■ **Problem to solve**:
Starting with the line that contains "[Secondary] secondary image" and stopping after the line that contains "Teledyne gfc 7000ta", return each line below exactly as written, with no others.
[[ Data to use open ]]
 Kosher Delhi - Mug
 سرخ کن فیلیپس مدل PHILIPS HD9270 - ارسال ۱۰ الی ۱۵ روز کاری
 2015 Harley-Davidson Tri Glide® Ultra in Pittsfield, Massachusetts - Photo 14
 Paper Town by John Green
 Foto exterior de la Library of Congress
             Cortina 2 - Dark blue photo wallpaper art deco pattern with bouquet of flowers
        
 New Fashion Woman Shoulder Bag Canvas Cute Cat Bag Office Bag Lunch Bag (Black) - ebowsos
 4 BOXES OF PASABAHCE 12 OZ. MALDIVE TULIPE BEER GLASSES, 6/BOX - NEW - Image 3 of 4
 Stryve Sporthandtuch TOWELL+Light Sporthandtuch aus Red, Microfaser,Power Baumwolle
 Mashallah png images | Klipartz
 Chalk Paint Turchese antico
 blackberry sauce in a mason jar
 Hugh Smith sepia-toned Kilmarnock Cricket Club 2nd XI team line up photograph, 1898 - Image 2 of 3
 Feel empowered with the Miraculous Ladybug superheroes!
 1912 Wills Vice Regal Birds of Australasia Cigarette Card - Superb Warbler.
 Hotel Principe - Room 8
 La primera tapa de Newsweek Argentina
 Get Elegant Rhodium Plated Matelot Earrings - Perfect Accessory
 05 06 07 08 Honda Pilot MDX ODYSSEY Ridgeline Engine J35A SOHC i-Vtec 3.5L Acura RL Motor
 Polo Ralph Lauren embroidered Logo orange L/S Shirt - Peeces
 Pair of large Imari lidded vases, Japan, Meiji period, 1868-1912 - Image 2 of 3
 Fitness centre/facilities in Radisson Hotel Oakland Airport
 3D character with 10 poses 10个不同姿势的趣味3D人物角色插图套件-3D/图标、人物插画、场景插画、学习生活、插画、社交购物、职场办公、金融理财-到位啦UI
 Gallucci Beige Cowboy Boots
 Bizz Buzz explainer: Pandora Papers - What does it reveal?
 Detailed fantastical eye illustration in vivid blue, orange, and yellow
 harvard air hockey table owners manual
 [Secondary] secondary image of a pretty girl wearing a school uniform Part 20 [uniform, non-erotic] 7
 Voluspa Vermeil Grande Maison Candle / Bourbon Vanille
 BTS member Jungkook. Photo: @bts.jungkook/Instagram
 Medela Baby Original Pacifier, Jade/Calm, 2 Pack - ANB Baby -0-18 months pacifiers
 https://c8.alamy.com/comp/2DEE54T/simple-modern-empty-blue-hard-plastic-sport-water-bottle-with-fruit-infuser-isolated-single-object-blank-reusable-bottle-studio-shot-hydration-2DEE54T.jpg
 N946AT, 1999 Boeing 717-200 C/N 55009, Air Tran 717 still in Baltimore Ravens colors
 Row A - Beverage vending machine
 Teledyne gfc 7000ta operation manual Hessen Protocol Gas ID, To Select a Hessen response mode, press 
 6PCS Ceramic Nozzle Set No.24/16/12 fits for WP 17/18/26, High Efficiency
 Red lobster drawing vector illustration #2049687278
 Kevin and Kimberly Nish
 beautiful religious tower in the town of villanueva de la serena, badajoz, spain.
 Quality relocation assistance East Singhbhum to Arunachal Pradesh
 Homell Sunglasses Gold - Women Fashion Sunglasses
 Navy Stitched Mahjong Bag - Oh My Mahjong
[[ Data to use closed ]]
■ **The answer**:
 [Secondary] secondary image of a pretty girl wearing a school uniform Part 20 [uniform, non-erotic] 7
 Voluspa Vermeil Grande Maison Candle / Bourbon Vanille
 BTS member Jungkook. Photo: @bts.jungkook/Instagram
 Medela Baby Original Pacifier, Jade/Calm, 2 Pack - ANB Baby -0-18 months pacifiers
 https://c8.alamy.com/comp/2DEE54T/simple-modern-empty-blue-hard-plastic-sport-water-bottle-with-fruit-infuser-isolated-single-object-blank-reusable-bottle-studio-shot-hydration-2DEE54T.jpg
 N946AT, 1999 Boeing 717-200 C/N 55009, Air Tran 717 still in Baltimore Ravens colors
 Row A - Beverage vending machine
 Teledyne gfc 7000ta operation manual Hessen Protocol Gas ID, To Select a Hessen response mode, press 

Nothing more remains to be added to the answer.